Dans la forêt de Würenlingen, le bâtiment du nouveau grand instrument de recherche du PSI SwissFEL n’a pas profité longtemps du soleil. Il est actuellement en train de disparaître sous une levée de terre. Ce comblement est une mesure parmi beaucoup d’autres, visant une intégration aussi réussie que possible de l’installation dans son environnement.
Cet automne, le bâtiment du SwissFEL aura complètement disparu sous une couche de terre. Ce talus sera ensuite planté d’une prairie maigre, un paysage naturel argovien typique. Par ailleurs, deux passages et une zone de transit pour gibier seront créés et plantés d’arbustes. Ils permettront aux animaux sauvages de cette forêt (chevreuils, renards ou sangliers) de passer en tout sécurité, sans être importunés, par-dessus l’installation qui s’étire sur 740 mètres, à plusieurs endroits.
L’exploitation de l’instrument proprement dite est censée, elle aussi, déranger les animaux le moins possible. Un éclairage doux du chemin d’accès intégré dans le parc forestier y veillera. Il ne sera activé qu’au besoin et seul le sentier sera éclairé. La zone d’accès interne du côté ouest sera protégée par une lisière de forêt dense et boisée, et par une barrière plantée de manière serrée.
Aménagement ciblé du paysage
Le SwissFEL devra donc s’intégrer aussi bien que possible dans la nature. Mais l’objectif est aussi de créer un nouvel habitat pour des espèces.
Notamment pour les espèces menacées de la région. La prairie maigre, pauvre en substances nutritives, entrecoupées de lentilles de sable comme aires potentielles de nidifications, est située en lisière de la forêt. Avec sa végétation diversifiée, elle forme un biotope adapté aux espèces locales d’abeilles sauvages, comme l’halicte de la scabieuse ou la sphécode à labre blanc.
Suivant leur mode de vie, les abeilles sauvages ont des exigences différentes pour leurs nichoirs et leurs plantes nourricière. C’est souvent en raison de la spécificité de ces exigences qu’elles sont particulièrement sensibles aux changements intervenant dans leur habitat, et donc de plus en plus menacées.
Certains papillons rares ou menacés d’extinction sont aussi typiques de la région : le Thècle du prunier, le Grand mars changeant ou la Grande tortue. Pour ces lépidoptères, des lisières irrégulières et des groupes d’arbrisseaux seront plantés avec leurs principales plantes nourricières, comme le saule marsault, le prunellier ou le troène.
Biotope pour amphibiens menacés
Une attention particulière sera accordée aux biotopes et aux possibilités de passage pour les amphibiens. Dans le monde entier, ces animaux font partie des espèces les plus menacées et sont strictement protégés. La raréfaction de leurs eaux de frai et de leurs biotopes terrestres, mais aussi l’isolement de leurs populations sont autant de raisons qui expliquent le recul important des populations indigènes d’amphibiens, comme le sonneur à ventre jaune ou le crapaud accoucheur. Ils ont donc besoin de biotopes de remplacement. Plusieurs mares de frai seront créées à leur intention dans l’environnement du SwissFEL. Des tas de pierres à proximité leur offriront un refuge idéal.
Par ailleurs, 30 petits plans d’eau seront aménagés pour servir de relais
vers les populations d’amphibiens connues de la région. Cela permettra de rompre l’isolement des populations d’amphibiens et de stimuler leur mixité.

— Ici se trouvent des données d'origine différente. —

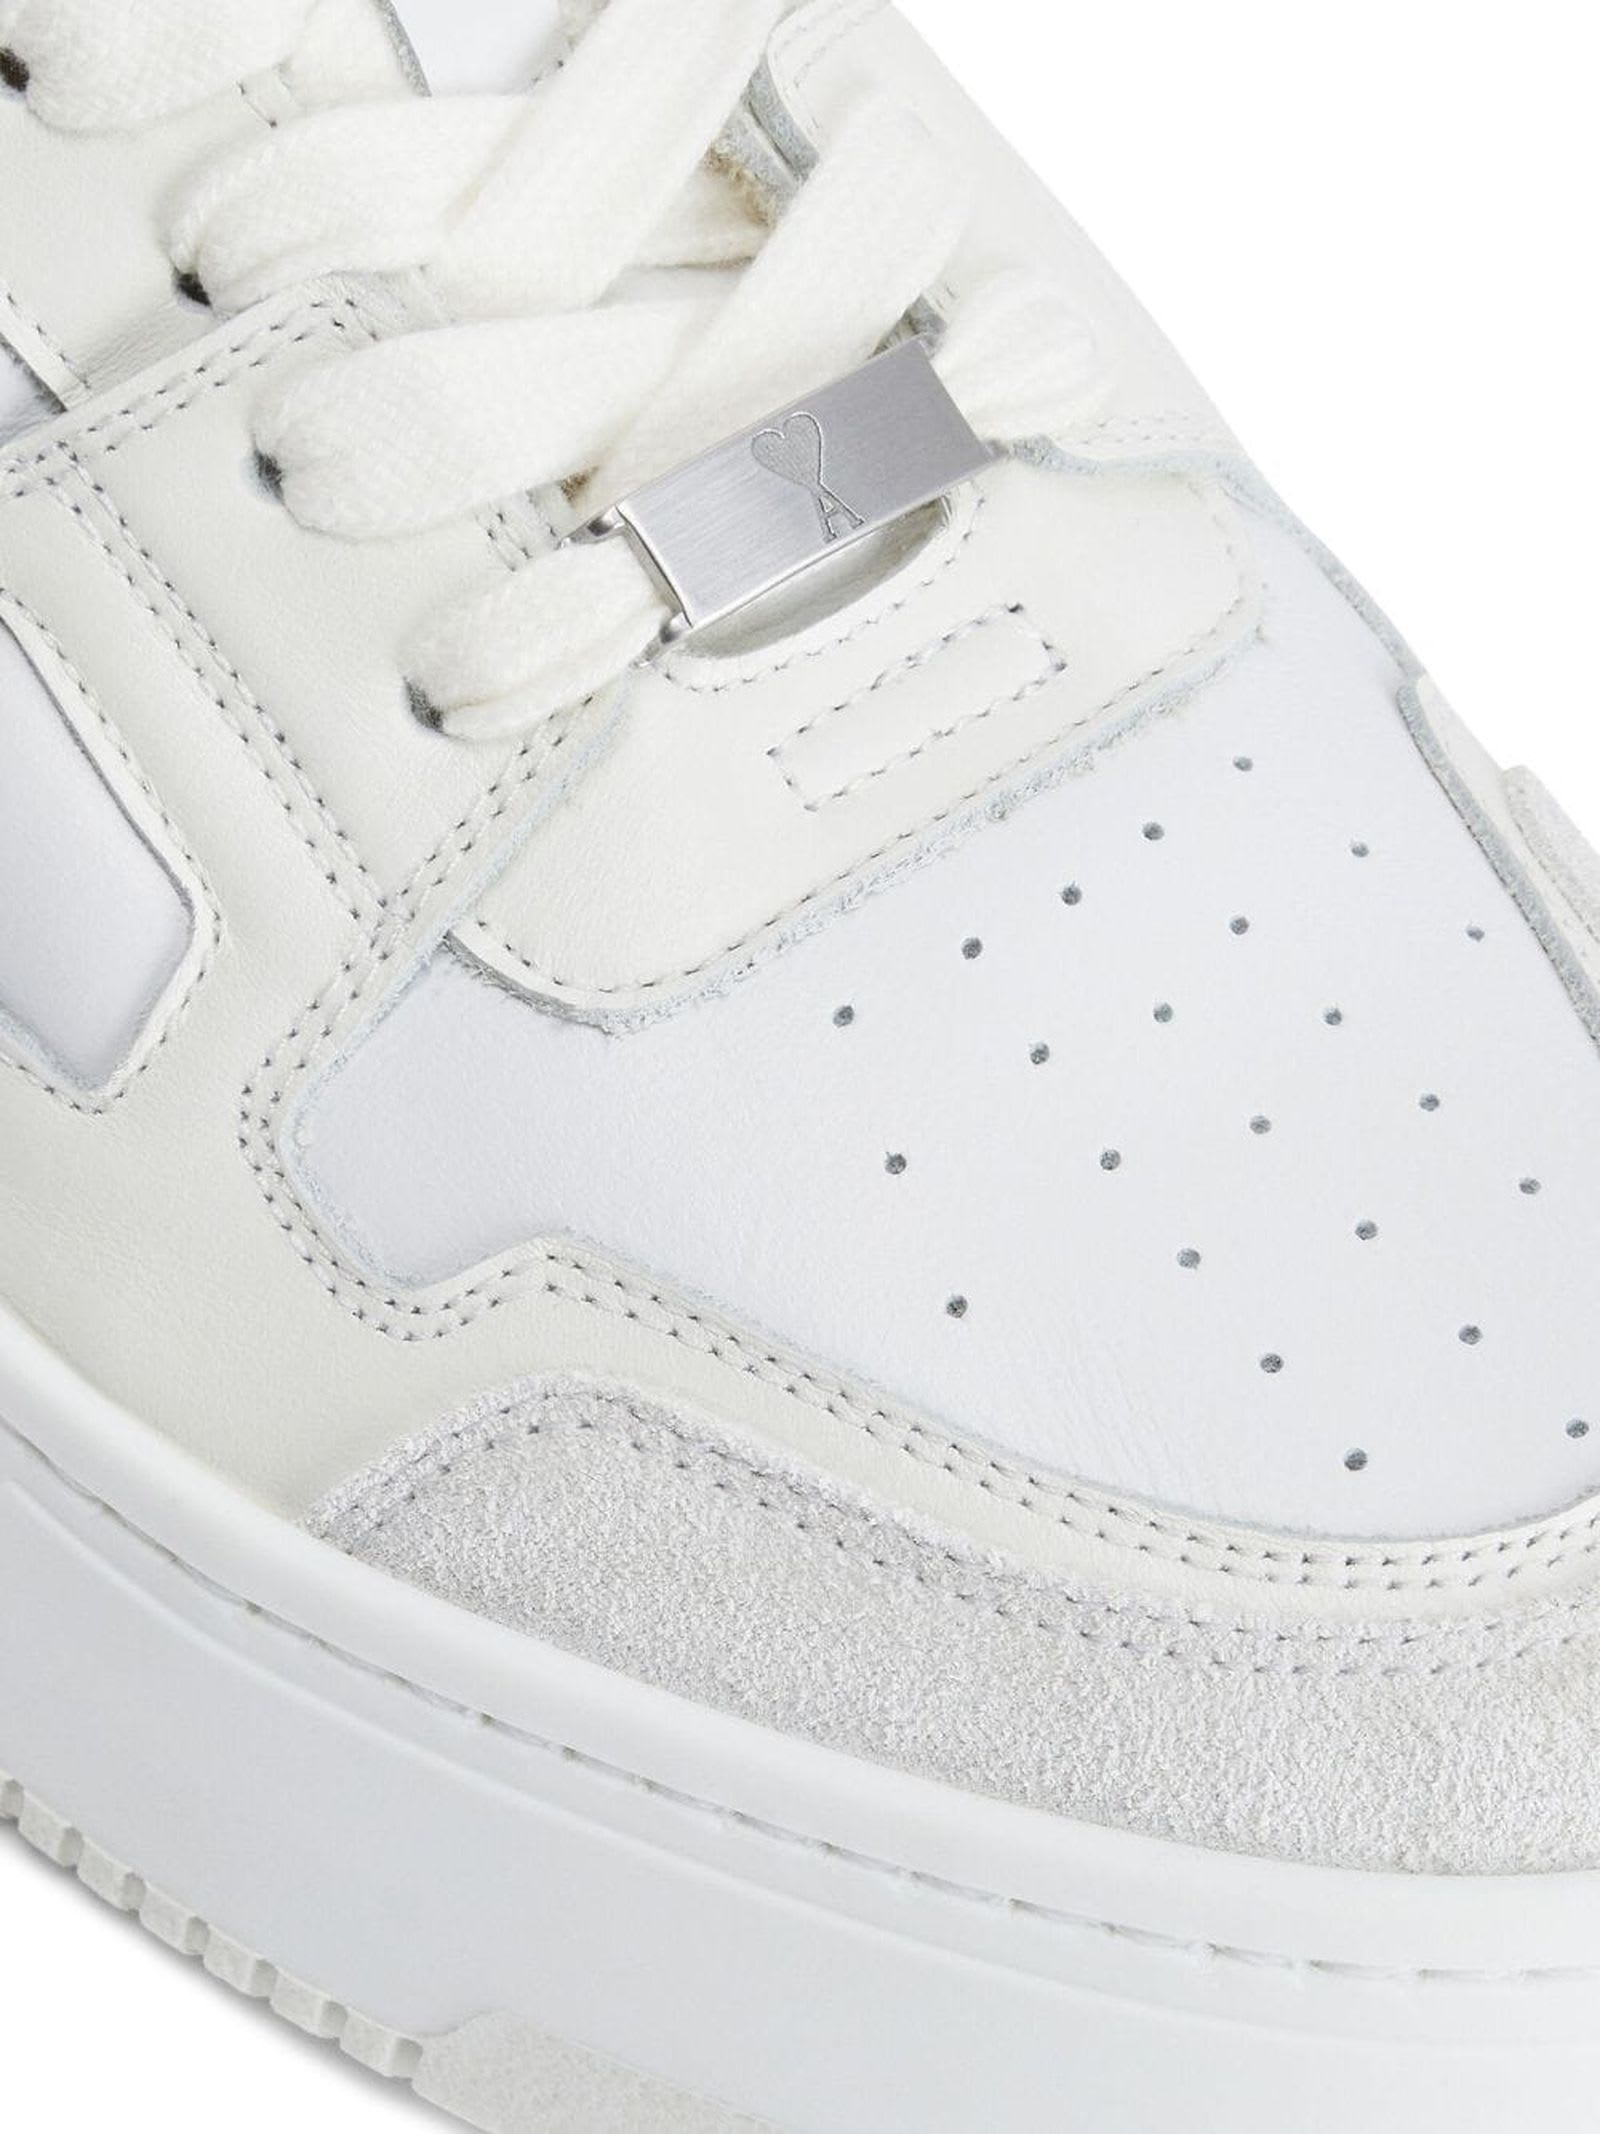 Shop Ami Alexandre Mattiussi White Calf Leather Sneakers

Vers un nouveau paysage, pas à pas
Les travaux d’aménagement des environs du SwissFEL ont déjà démarré avec les premiers travaux de défrichement, il y a deux ans. Le site du futur parc forestier a été éclairci. Au printemps de cette année, les premières plantes forestières de la forêt de Würenlingen ont été plantées, comme la fougère dryoptéris dilaté, la pervenche ou la laiche poilue.
Lorsqu’on regarde le site, on n’aperçoit pour l’instant qu’un talus. Mais à la fin de l’été, les graines pour la prairie maigre ont été semées sur les premiers 260 mètres, et cette portion ne devrait pas tarder pas à se couvrir d’un premier vert tendre. L’aménagement des mares à amphibiens a également démarré.
Sur mandat de l’Institut Paul Scherrer, une équipe interdisciplinaire d’experts a élaboré un concept visant à intégrer le mieux possible le SwissFEL dans son environnement. C’est elle aussi qui a développé les mesures décrites plus haut. Ce travail a duré deux ans. L’objectif était de faire en sorte de les interventions nécessaires dans la nature et le paysage soient aussi limitées que possible, mais aussi de créer une plus-value écologique. L’équipe d’experts accompagne aussi le concept d’aménagement de l’environnement pendant sa réalisation.